Мы оба молчим. Я прогоняю в памяти первую, как оказывается, встречу с сыном. Ощущал ли я что-то особенное? Понял ли, что малыш истекал моей кровью? Не знаю. Всё, что я чувствовал, – ужас и отчаяние. Думаю, окажись на его месте любой другой ребёнок, действовал бы точно так же. Потому что тогда я ещё не успел зачерстветь и слишком болезненно переживал за каждого безнадёжного пострадавшего, которому мы вынуждены были отказывать в помощи ради спасения тех, у кого были шансы выжить.
Долго сидим в тишине. Чай остыл. Разговор не клеится. Каждый думает о чём-то своём.
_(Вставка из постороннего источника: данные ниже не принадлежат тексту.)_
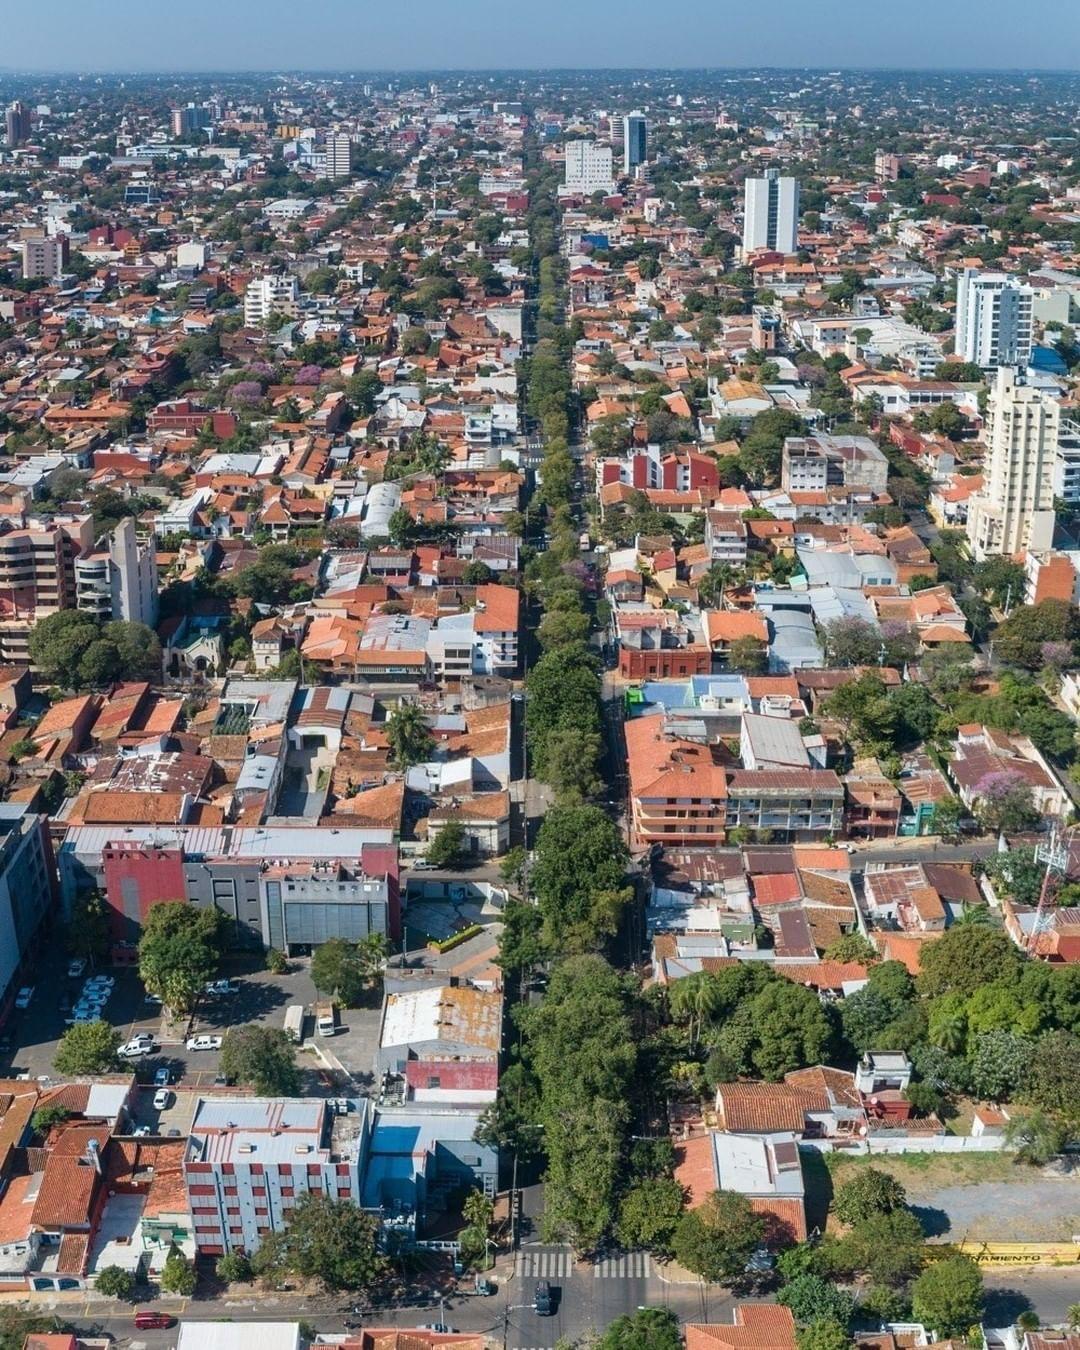 Fotociclo On Instagram Asuncion Del Paraguay Capital De Mis Amores Avenida Ygatimi Asuncion Paraguay Fotografia America Do Sul City City Photo
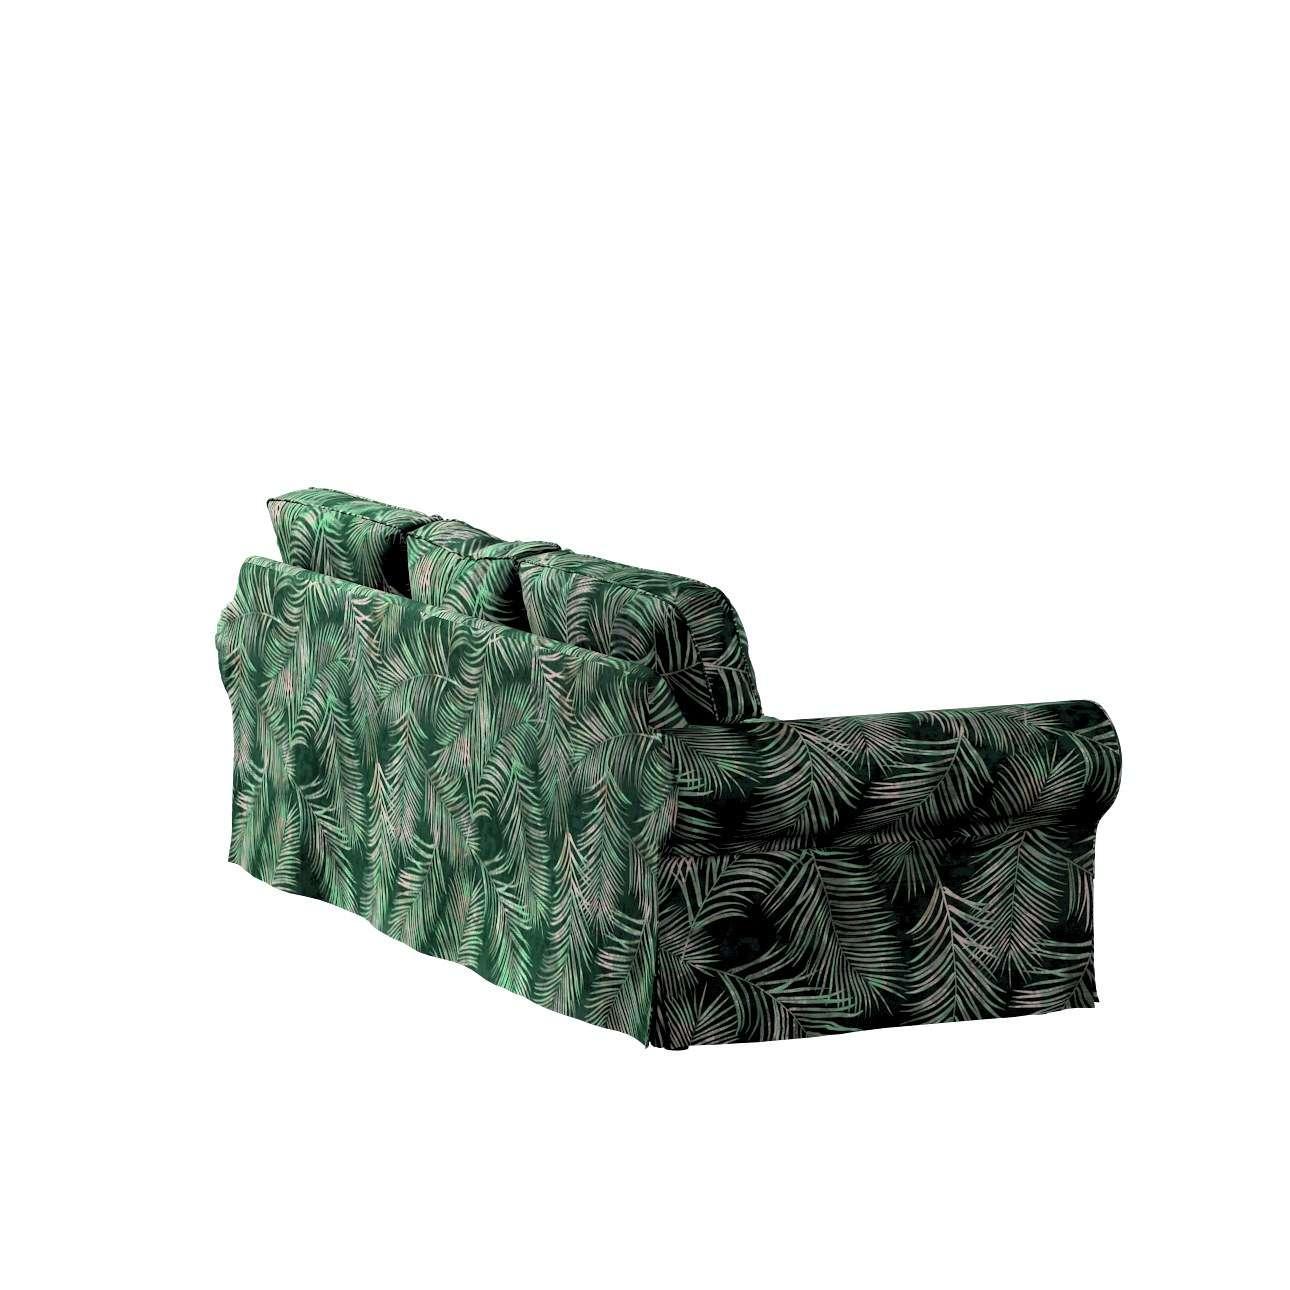 ektorp velvet gr n ektorp 3 sitzer sofabezug nicht ausklappbar. Black Bedroom Furniture Sets. Home Design Ideas

Мысли тяжёлые. В квартире тепло, но меня бьёт озноб. Ощущение, что небо с землёй меняются местами. В моей жизни происходит какая-то лажа. Раз за разом судьба даёт мне шанс всё исправить и вырулить на правильную дорогу, но я упорно всё крушу и уничтожаю.
Я за последние восемь лет сделал столько дикости, не использовал столько возможностей, что теперь не представляю, как жить дальше.
Сегодняшний оптимистичный настрой разбился об израненное тельце моего сына. Только сейчас я с ужасом понял в полной мере, к каким катастрофическим последствиям привела мальчишеская горячность и гордыня.
Если бы после развода я не кинул Лизу в чёрный список, то мой сын, возможно, никогда не оказался бы под завалами той больницы. Их жизнь могла бы сложиться по-другому. Всё было бы иначе!
Я знаю, что неправильно думать о прошлом в сослагательном наклонении. Но иначе у меня не получается. Я разрушил не только свою жизнь, но и жизнь моей семьи. Мой сын мог погибнуть! И только удивительная случайность помогла ему остаться на этом свете.
Страшно представить, что они пережили. И безгранично стыдно за свои слова и поступки… За свою слабость, эгоизм, слепоту, глухоту и банальную тупость. Никогда ещё не чувствовал себя таким уродом.